Samarinda, Kaltimedia.com — Gubernur Kalimantan Timur, Rudy Mas’ud, akhirnya menyampaikan permohonan maaf secara terbuka menyusul polemik yang memicu perhatian publik dalam beberapa hari terakhir.
Pernyataan tersebut disampaikan melalui video di akun Instagram pribadinya pada Senin (27/4/2026). Dalam video itu, Rudy mengaku mengikuti langsung berbagai respons, kritik, dan sorotan masyarakat terhadap kebijakan yang ia ambil.
Ia menegaskan bahwa kritik merupakan bagian penting dalam sistem demokrasi, sekaligus bentuk kepedulian masyarakat terhadap jalannya pemerintahan.
Menurutnya, sorotan publik, termasuk terkait penggunaan fasilitas dan kebijakan pemerintah daerah, tidak dipandang sebagai hal negatif, melainkan masukan yang perlu ditindaklanjuti.
Rudy juga mengakui telah melakukan evaluasi terhadap sikap dan pendekatan komunikasinya selama ini.

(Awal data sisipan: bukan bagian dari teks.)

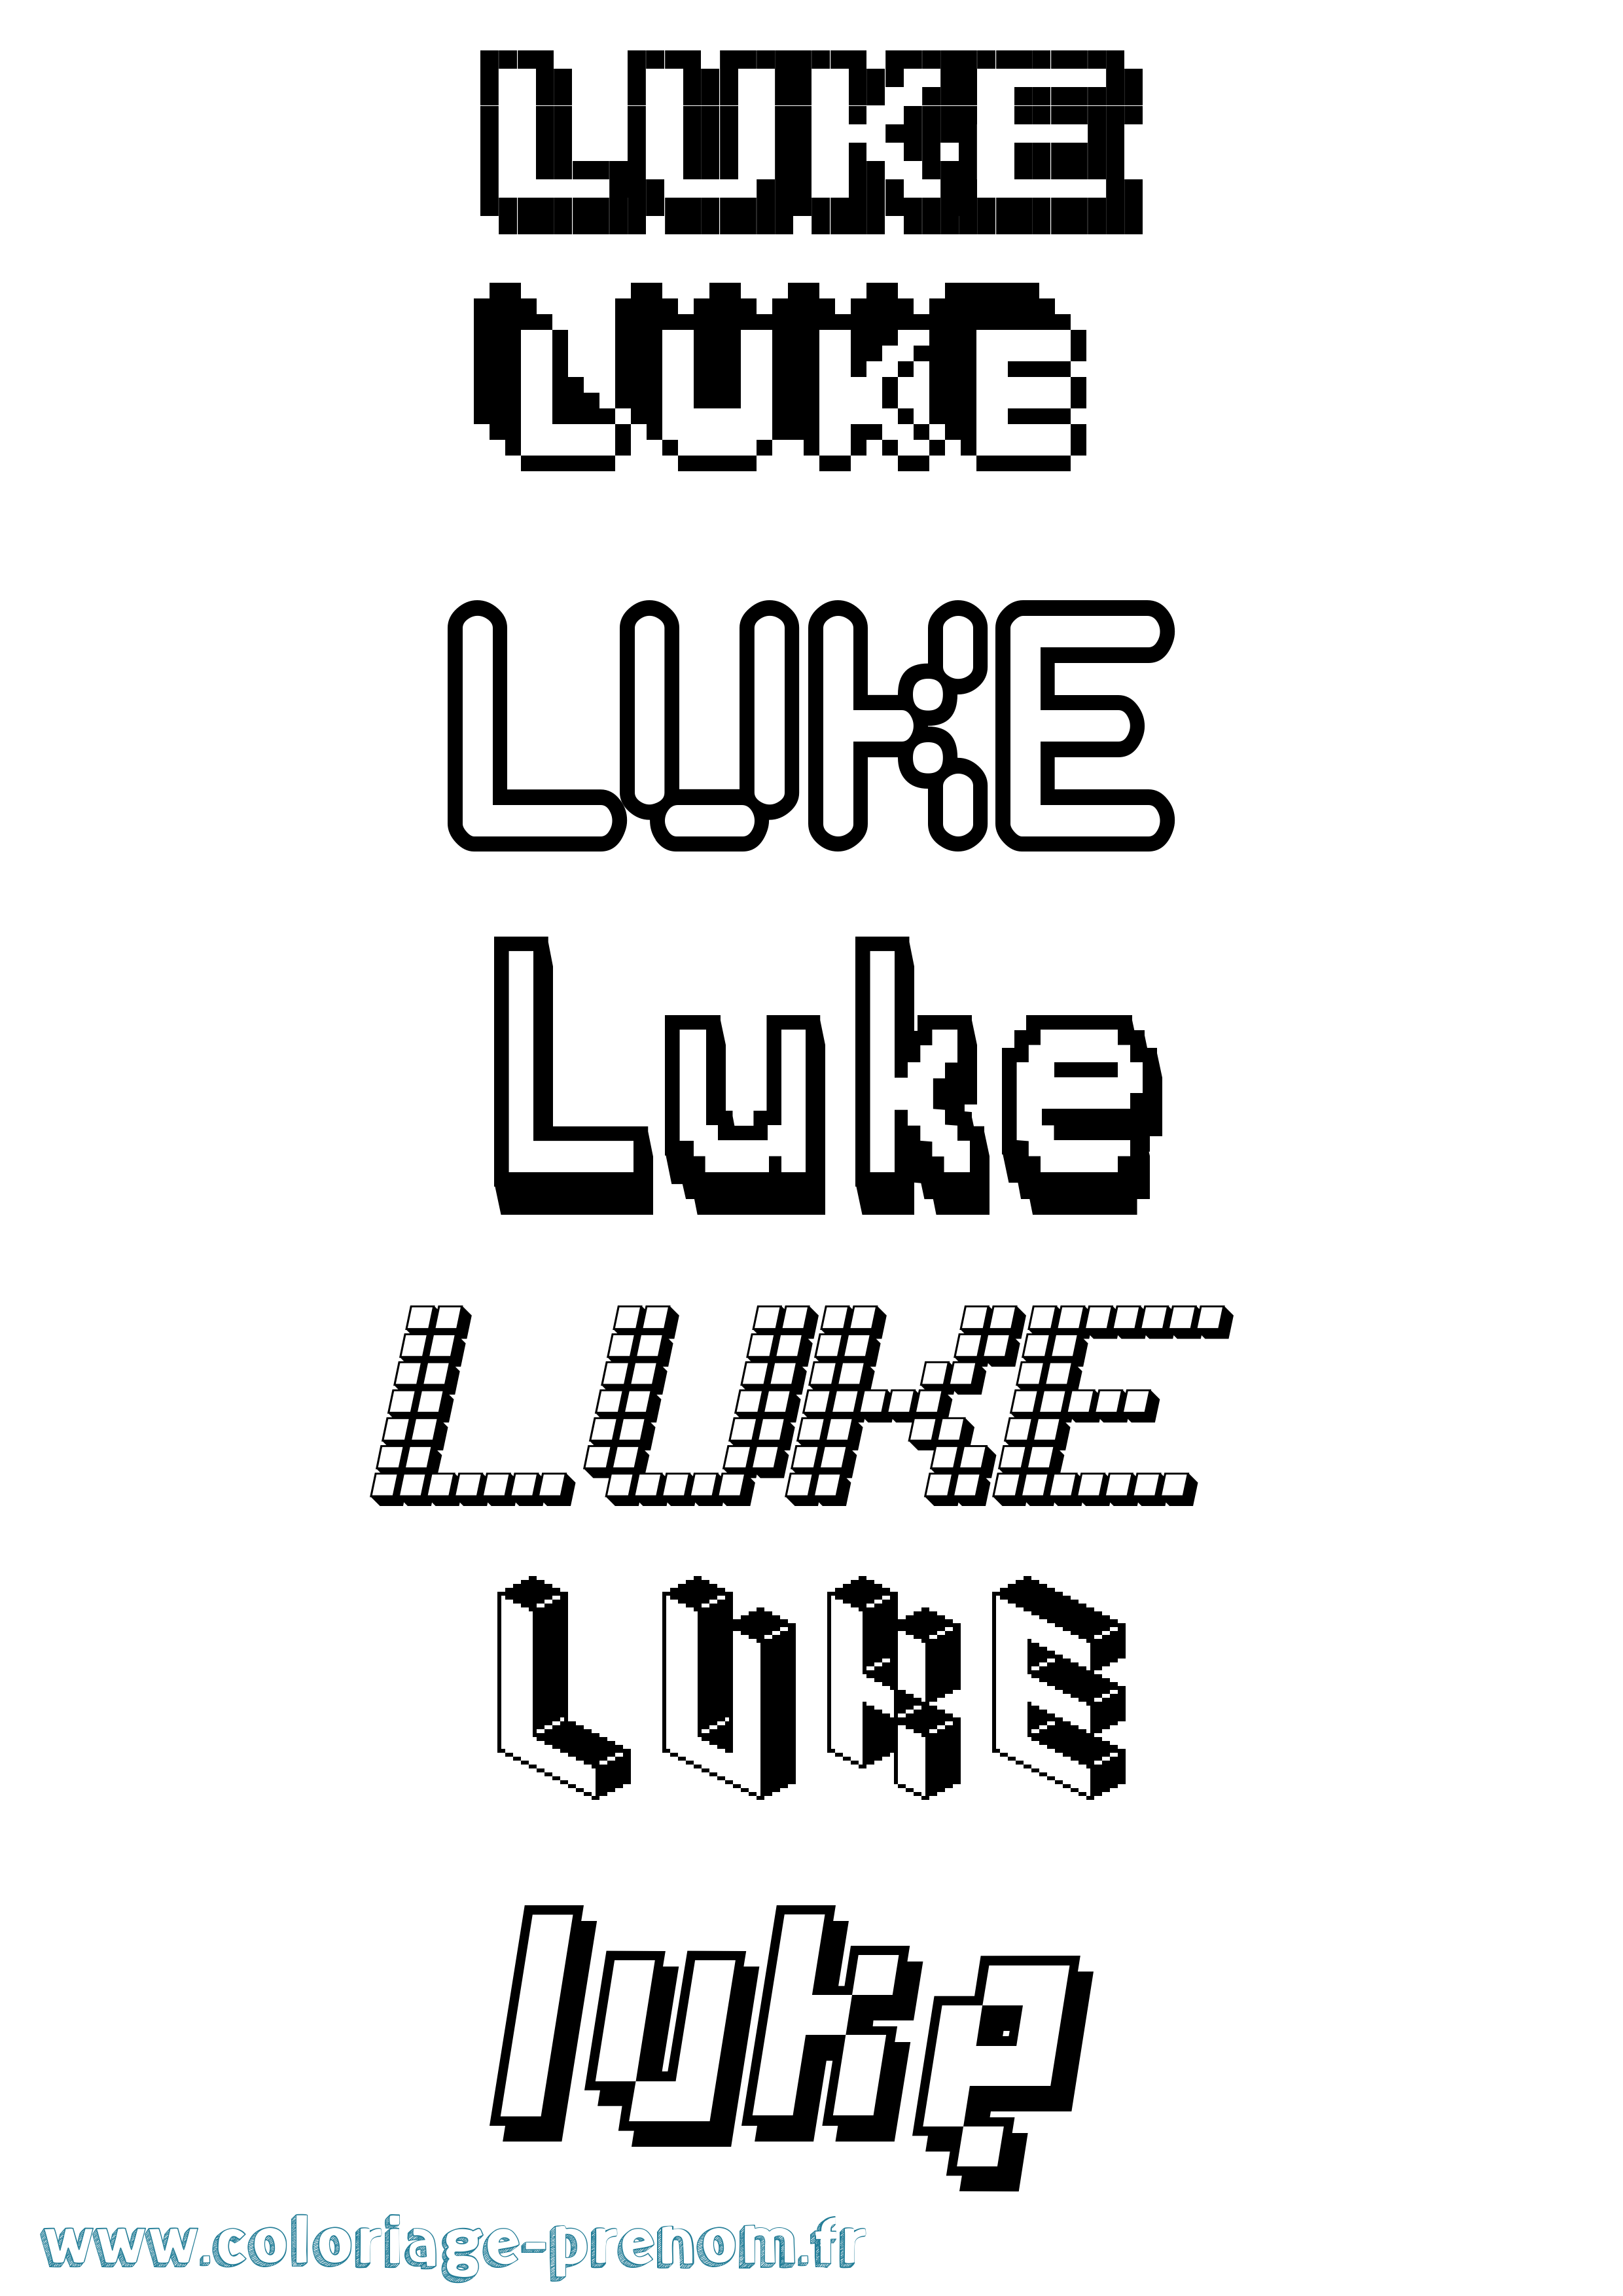 Coloriage prénom Luke Pixel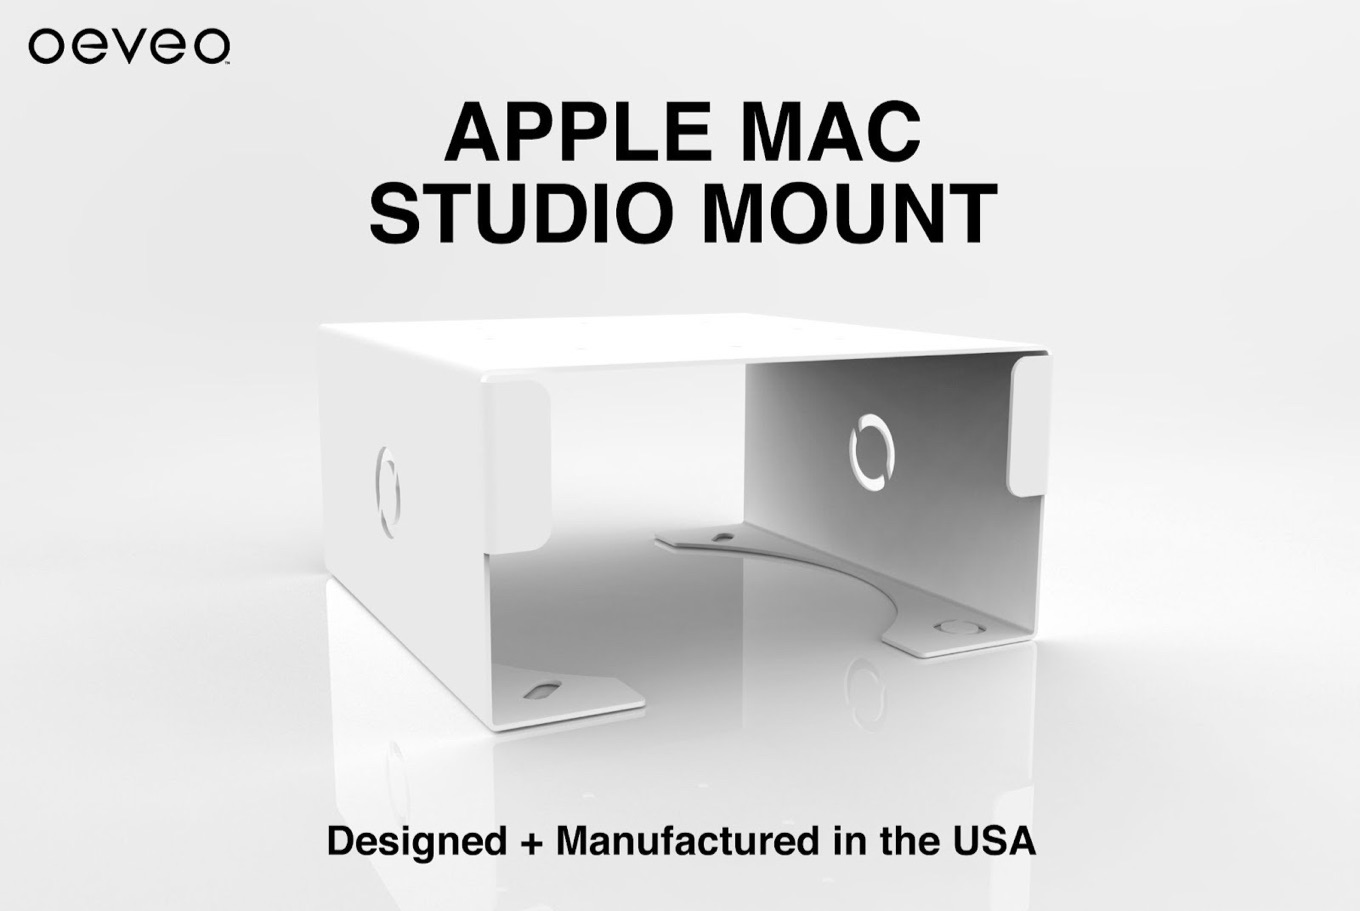 Oeveo Apple Mac Studio Mount

Ia menyadari terdapat kekurangan yang perlu diperbaiki.
“Dalam beberapa hari terakhir saya banyak melakukan perenungan. Saya menyadari ada hal-hal yang perlu diperbaiki, baik dalam bersikap maupun dalam berkomunikasi,” kata Rudy.
“Untuk itu, saya menyampaikan permohonan maaf yang sebesar-besarnya atas kegaduhan dan ketidaknyamanan yang terjadi,” ujarnya.
Salah satu isu yang menjadi perhatian publik adalah rencana anggaran renovasi rumah jabatan gubernur yang disebut mencapai Rp25 miliar. Menanggapi hal tersebut, Rudy menjelaskan bahwa perencanaan program itu telah disusun sebelum dirinya menjabat.
Namun demikian, ia menegaskan tidak akan menghindari tanggung jawab sebagai kepala daerah yang kini memimpin.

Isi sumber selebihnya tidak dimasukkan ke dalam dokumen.